Content warning: Sexual assault
Many of us know what sexual assault is. Rape, unwanted sexual advancements, or harassment. Basically, when you say no and someone else doesn't listen. But what about sexual coercion? What about when you have to "convince" someone to have sex with you, even after they've said no? Does that count as assault, in your opinion? Or do they deserve what happened to them because they, ultimately, said yes?
If you're someone who answered with the latter, then you are part of the problem.
According to womenshealth.org, sexual coercion is "unwanted sexual activity that happens when you are pressured, tricked, threatened, or forced in a nonphysical way." And it is a very real thing that happens to many unsuspecting men and women. It is often the most overlooked form of sexual assault. It can happen with friends, partners, co-workers -- literally anyone -- and it can be just as conflicting as any other form of sexual assault. It can happen to anyone. It's even happened to me.
I was young and very naive, and this person was someone I considered my best friend. He made me feel great about myself...until he didn't anymore. I remember telling him no to sex quite a few times, and every time he shot back with a different excuse. "Why should we have to wait?" "If you really liked me you would do this for me." Eventually, after a long back-and-forth, I felt guilty and like a complete tease, so I gave in. For a while, I blamed myself. Now, I know better.
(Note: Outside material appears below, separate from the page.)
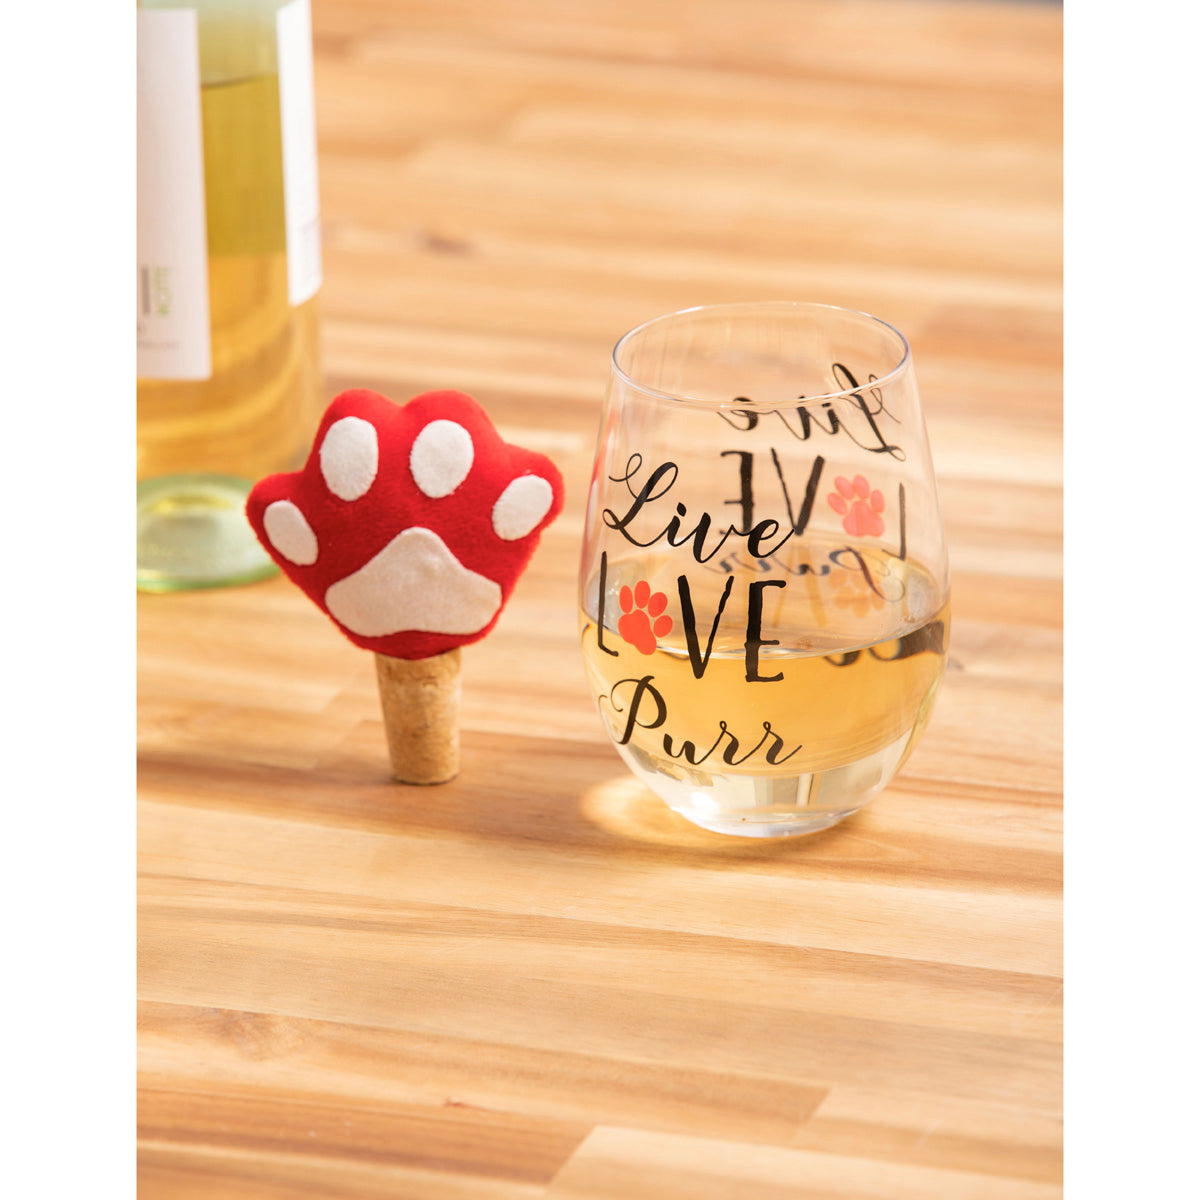 Cat Stemless Glass with Paw Print Stopper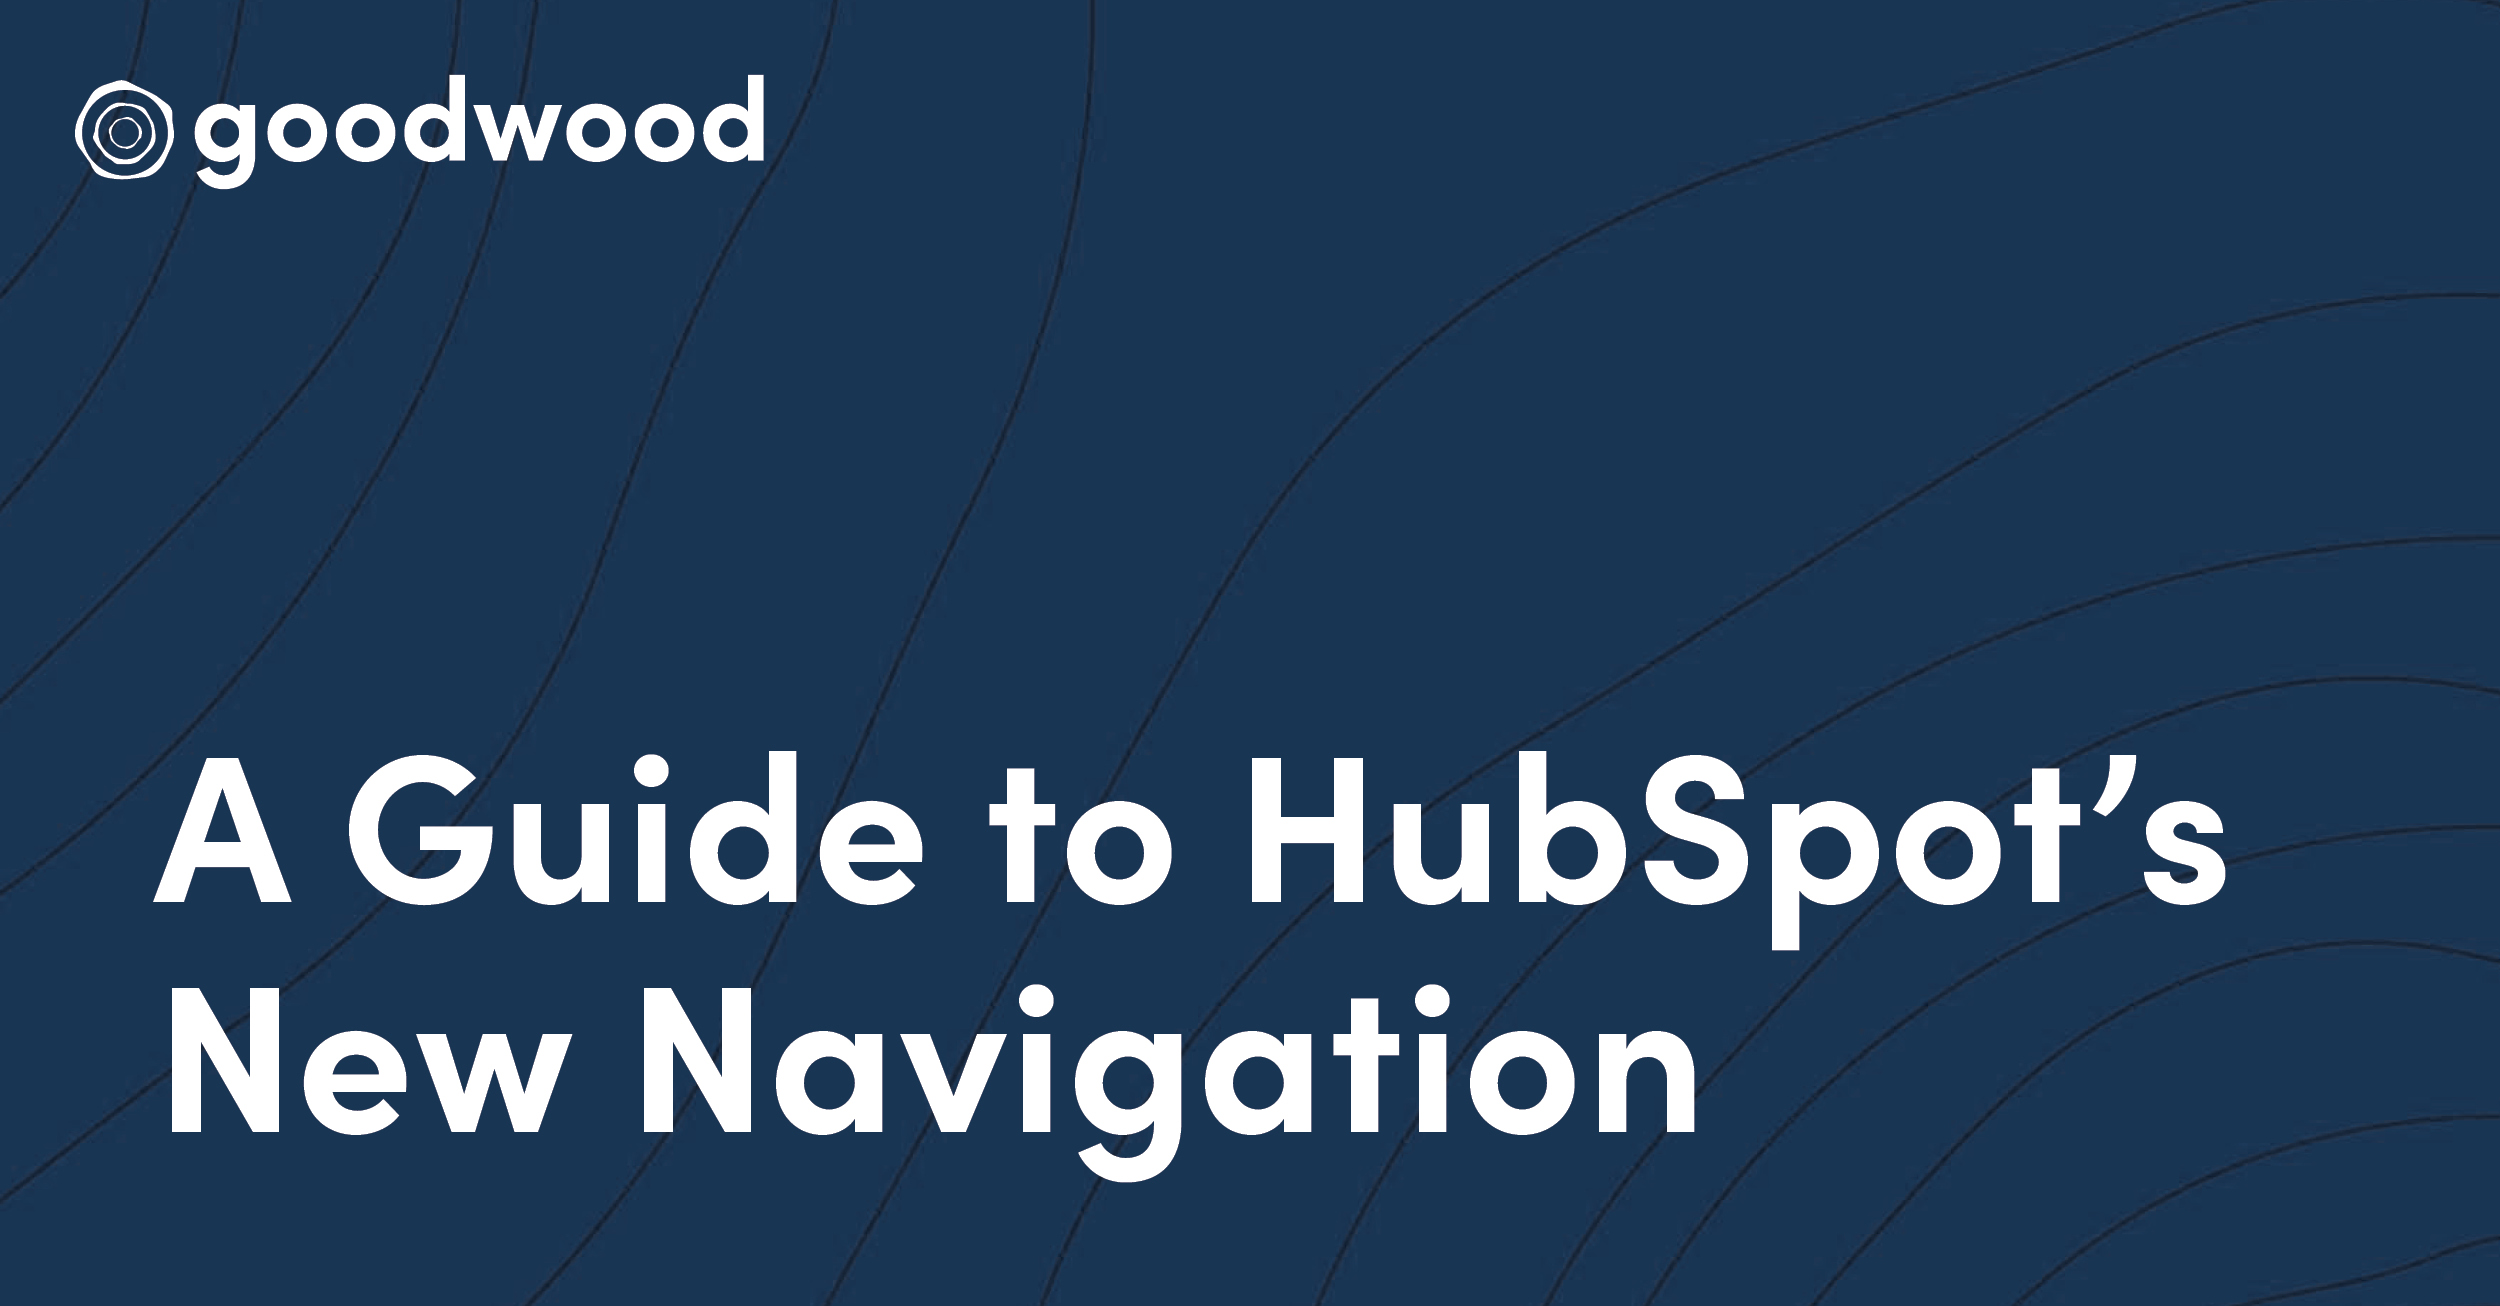 A Guide to HubSpot's New Navigation

Sexual coercion isn't sex. It is assault. It is rape. Listen when your partner says no. Listen when your partner tells you they don't want to. Even if you've had sex before, it doesn't give you the right to do what you want anyway. Don't be a part of the problem. Help to fix the problem.
And if you've been in my position, don't beat yourself up or blame yourself. None of what you did was your fault. You are not weak. You are not at fault. You are strong, and you will get through this.